Gritty blues poured through the open doors.

I caught sight of a single guitar player—bent and wrinkled—hunched over a beat-up acoustic, with a smoldering cigarette poking from the edge of his mouth. The song was a low, gritty number and mean as a junkyard dog. “Bring me my Shotgun,” by Sam John Hopkins, better known as Lightnin’ Hopkins. The Lonely Mountain wasn’t a blues joint, not by any stretch. They had musicians of every stripe and variety—from punk and techno to classic Beethoven and classic rock—cycle through, so it was always a coin toss what you were gonna get.

But today?

Today, some cat was beltin’ out Lightnin’ Hopkins, the perfect tune to drink yourself into an early grave to. This was a soundtrack to die to, and that suited me fine. A lucky break, which God knew I needed.
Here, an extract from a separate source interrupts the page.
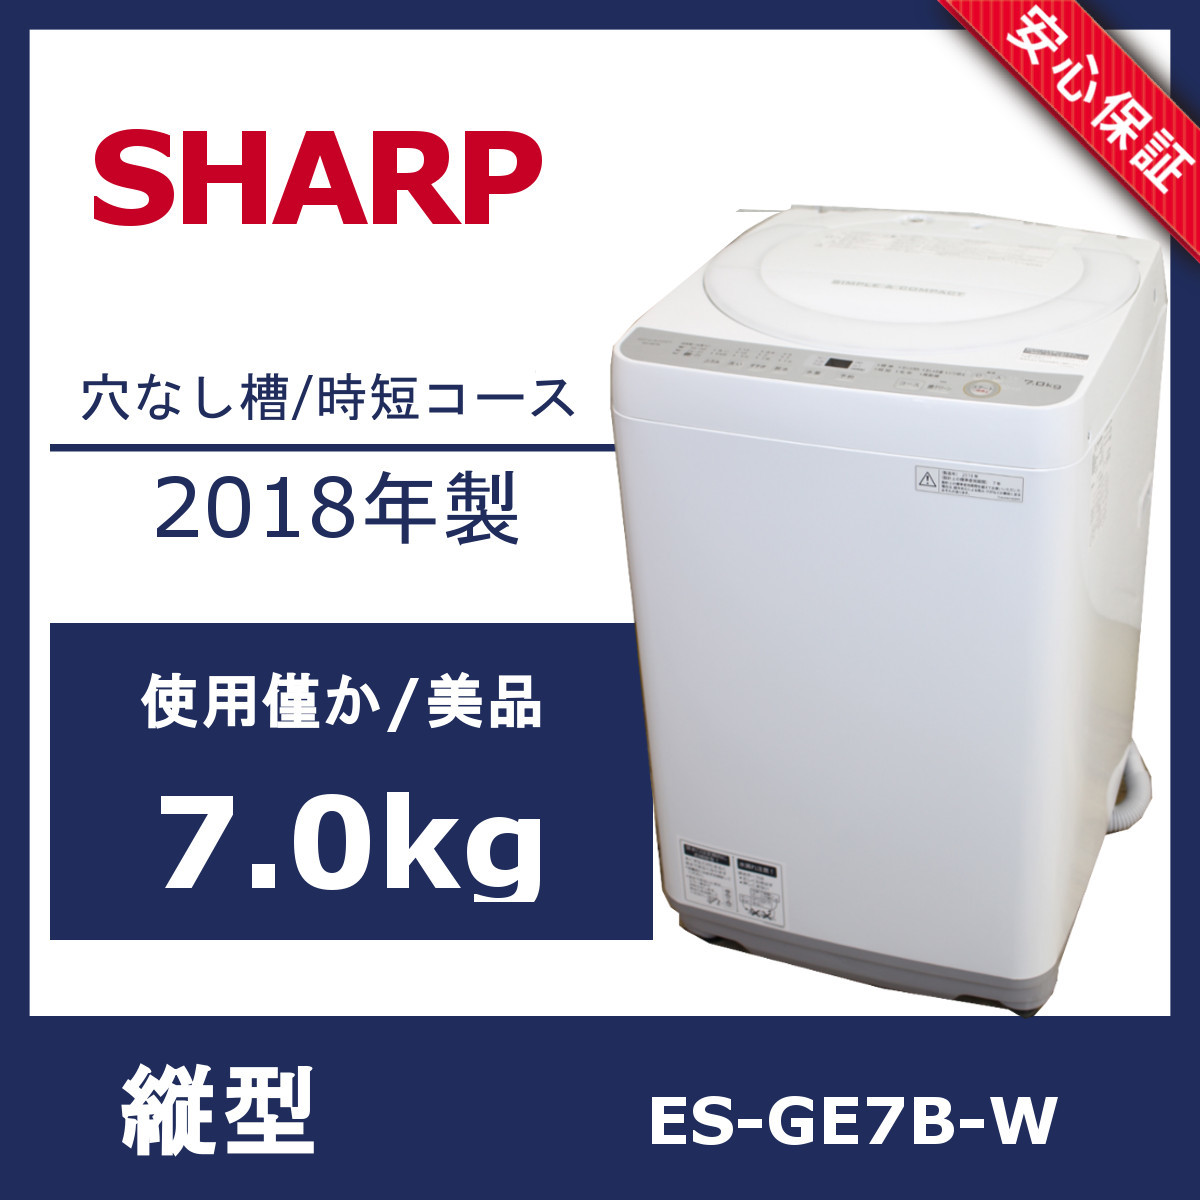 SHARP 7.0kg 全自動洗濯機 ES-GE7B-W - 川崎市・横浜市で家具・家電の ...

Smoke, both the tangy aroma of tobacco and the musky, sulfurous stink always hanging around dragons, loitered in the air. Muted red, orange, and amber illuminated the cavernous interior with pockets of seedy light, though overall the bar remained a dark and foreboding place, a cave dimly seen. Hanging stalactites and jutting stalagmites littered the space, each filled with the ever-shifting light of enslaved, winged creatures.

I pushed my way through the crowd, ignoring the dirty looks I attracted from all manner of offended creatures, elbowing my way to the bar proper, always and forever presided over by Firroth himself. I pulled out a lone stool and eased my weight down onto the rough wood, which groaned beneath me. On my left, a ridiculously short man with a ruddy complexion—his feet dangling comically above the floor—drank beer directly from an oversized pitcher.
Clurichaun
. The lesser-known, drunken uncle of the leprechaun.

No pots of gold with the Clurichauns, they mostly just broke into unguarded houses and drank gallons of wine, like underage, snot-nosed high school kids, but they were great drinking buddies. Told the wildest yarns, assuming you could understand ’em through the inebriated slurring.

To my right lurked a gangly woman with warty red skin and stringy black hair. Didn’t know what she was, a halfie maybe, but it didn’t matter, so long as she stayed an arm’s length away. Putting the red-skinned freakshow from mind, I shot up a hand, catching the bartender’s golden eye.

Firroth the Red stalked up to me from the far end of the bar.

Though he was a dragon’s dragon, he wore the guise of a man—a huge and dragon-ish looking man. He must’ve stood at eight feet and had a swath of fiery-red hair, which shimmered gold and orange in the light. The guy was also built like a straight-up brick shithouse—his muscles had muscles large enough to lift weights at Venice Beach. Scrolling tribal tattoos of blues and blacks snaked up his arms and around his neck, so delicate and finely worked they looked like artful scales.

A cigar—fat, black, and reeking of dragon stink—jutted from the corner of his mouth at a rakish angle, always burning but never diminishing.

Instead of growling at me or threatening me with murder and dismemberment—pretty much a standard greeting from him—he pulled out a fat, streaky Old-Fashioned glass, then retrieved an unmarked bottle filled with something so dark and sludgy it looked closer to oil than alcohol. He uncorked the bottle and poured me a generous three fingers. The stuff seemed too thick and smelled faintly of apples, cinnamon, and old paint thinner or maybe battery acid. Hard to say exactly.